*RAW DATA*
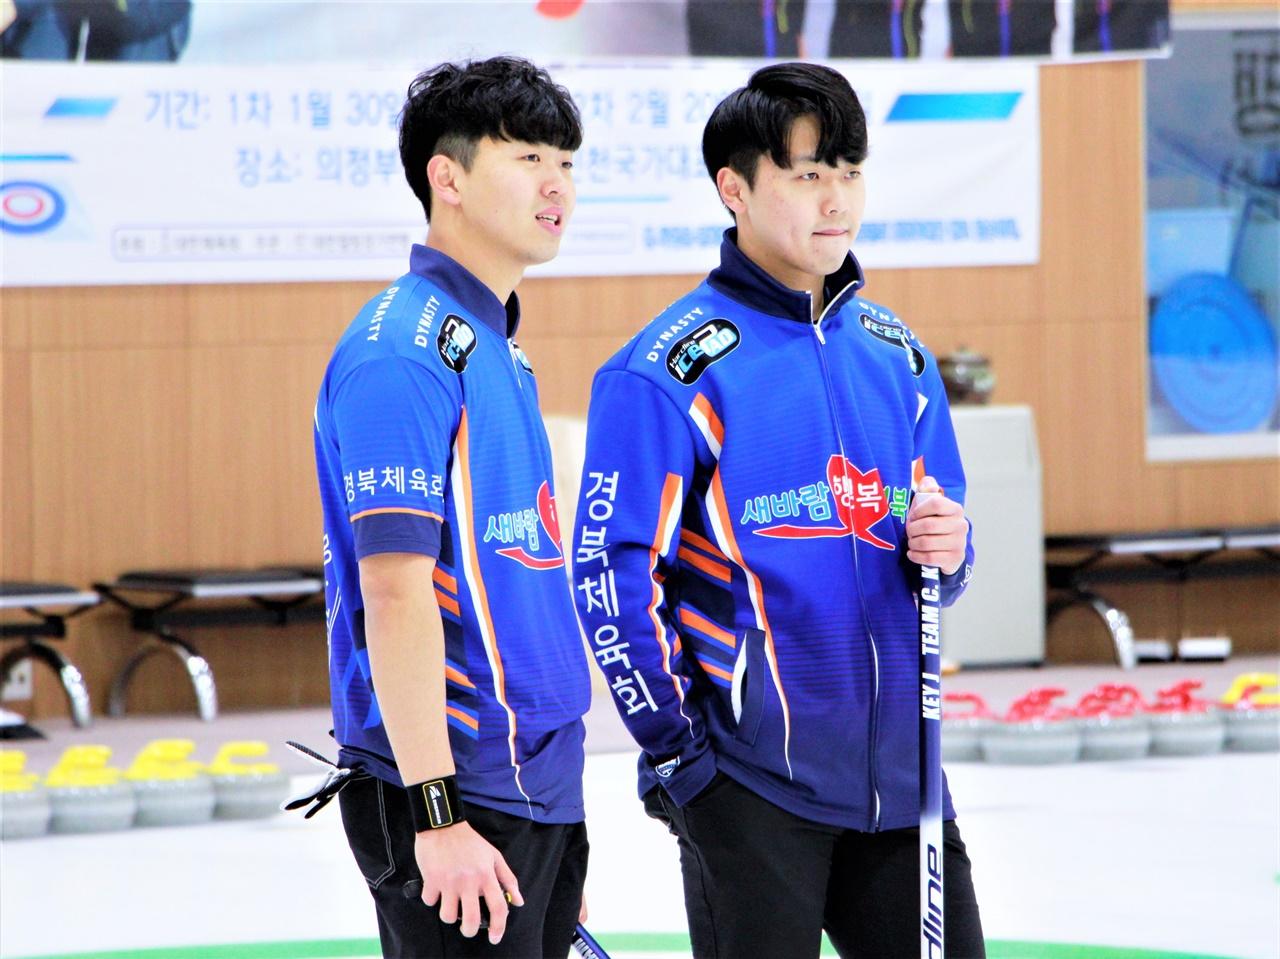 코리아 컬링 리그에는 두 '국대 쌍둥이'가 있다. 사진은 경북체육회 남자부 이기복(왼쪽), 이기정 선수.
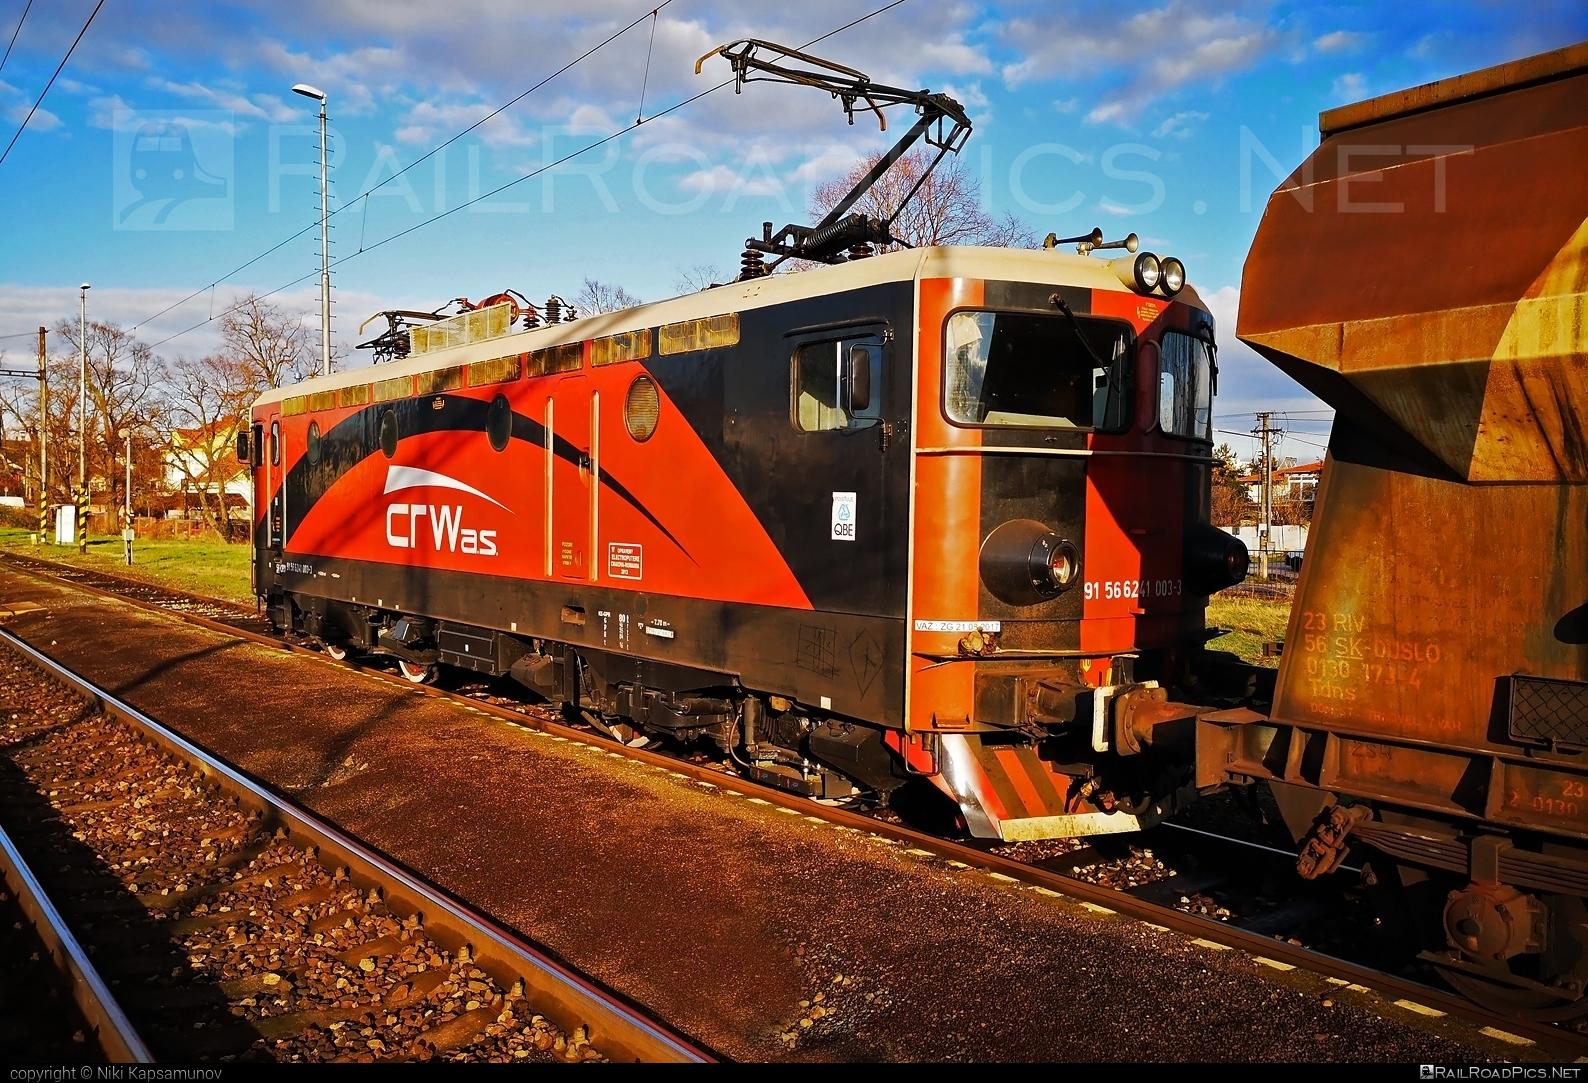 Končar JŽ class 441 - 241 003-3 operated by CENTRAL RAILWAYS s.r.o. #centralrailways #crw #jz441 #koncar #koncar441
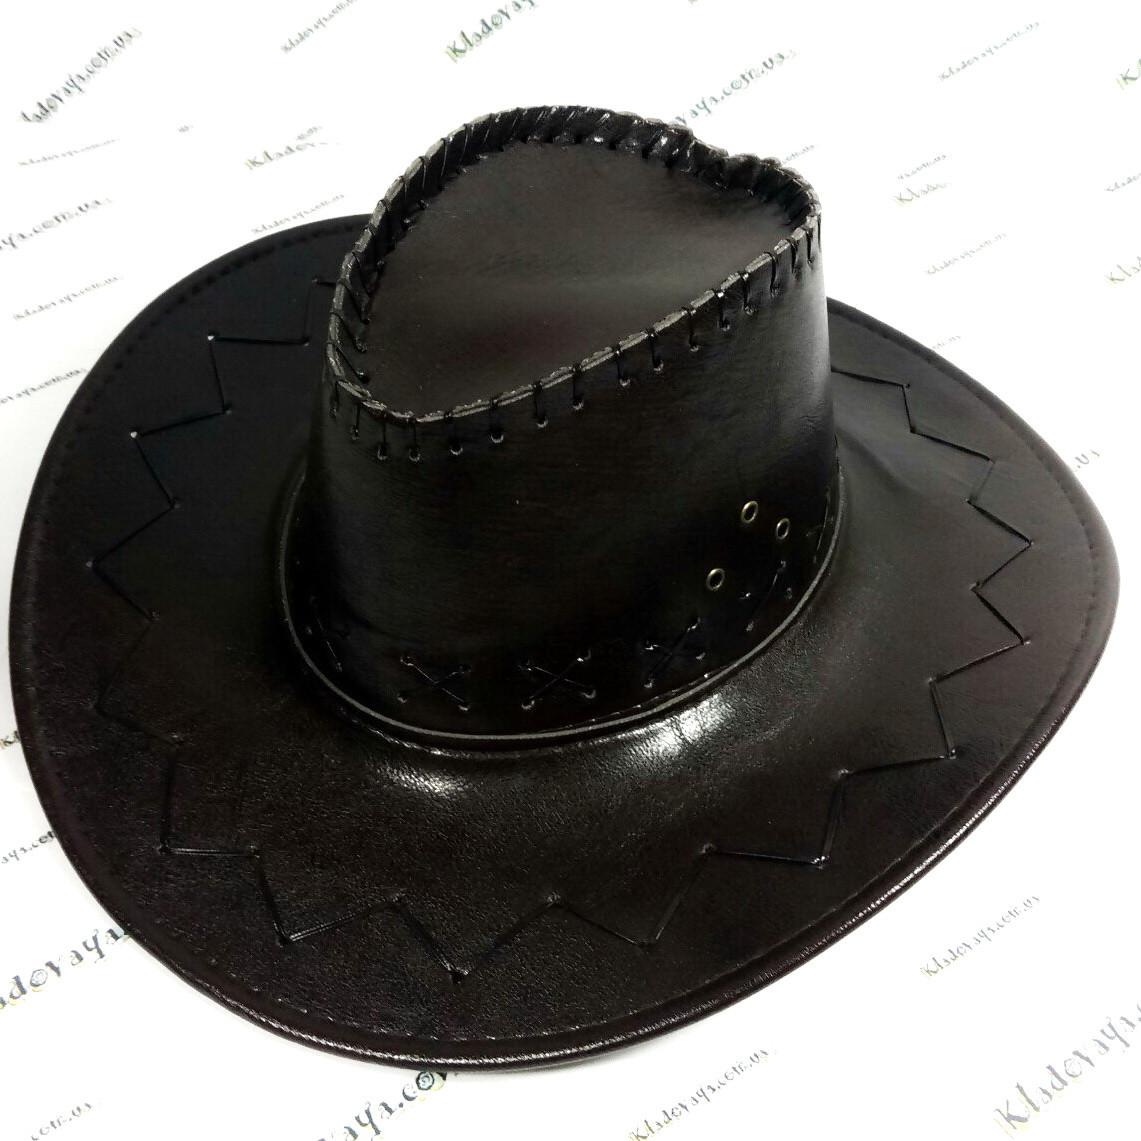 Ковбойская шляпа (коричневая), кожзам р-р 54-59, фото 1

*ACTIVITY*
Output, exactly and only: the line containing "Končar JŽ class", the last line of the listing above, and every line in between. Leave the pictures out.

*SOLUTION FOR THIS EXERCISE*
 Končar JŽ class 441 - 241 003-3 operated by CENTRAL RAILWAYS s.r.o. #centralrailways #crw #jz441 #koncar #koncar441
 Ковбойская шляпа (коричневая), кожзам р-р 54-59, фото 1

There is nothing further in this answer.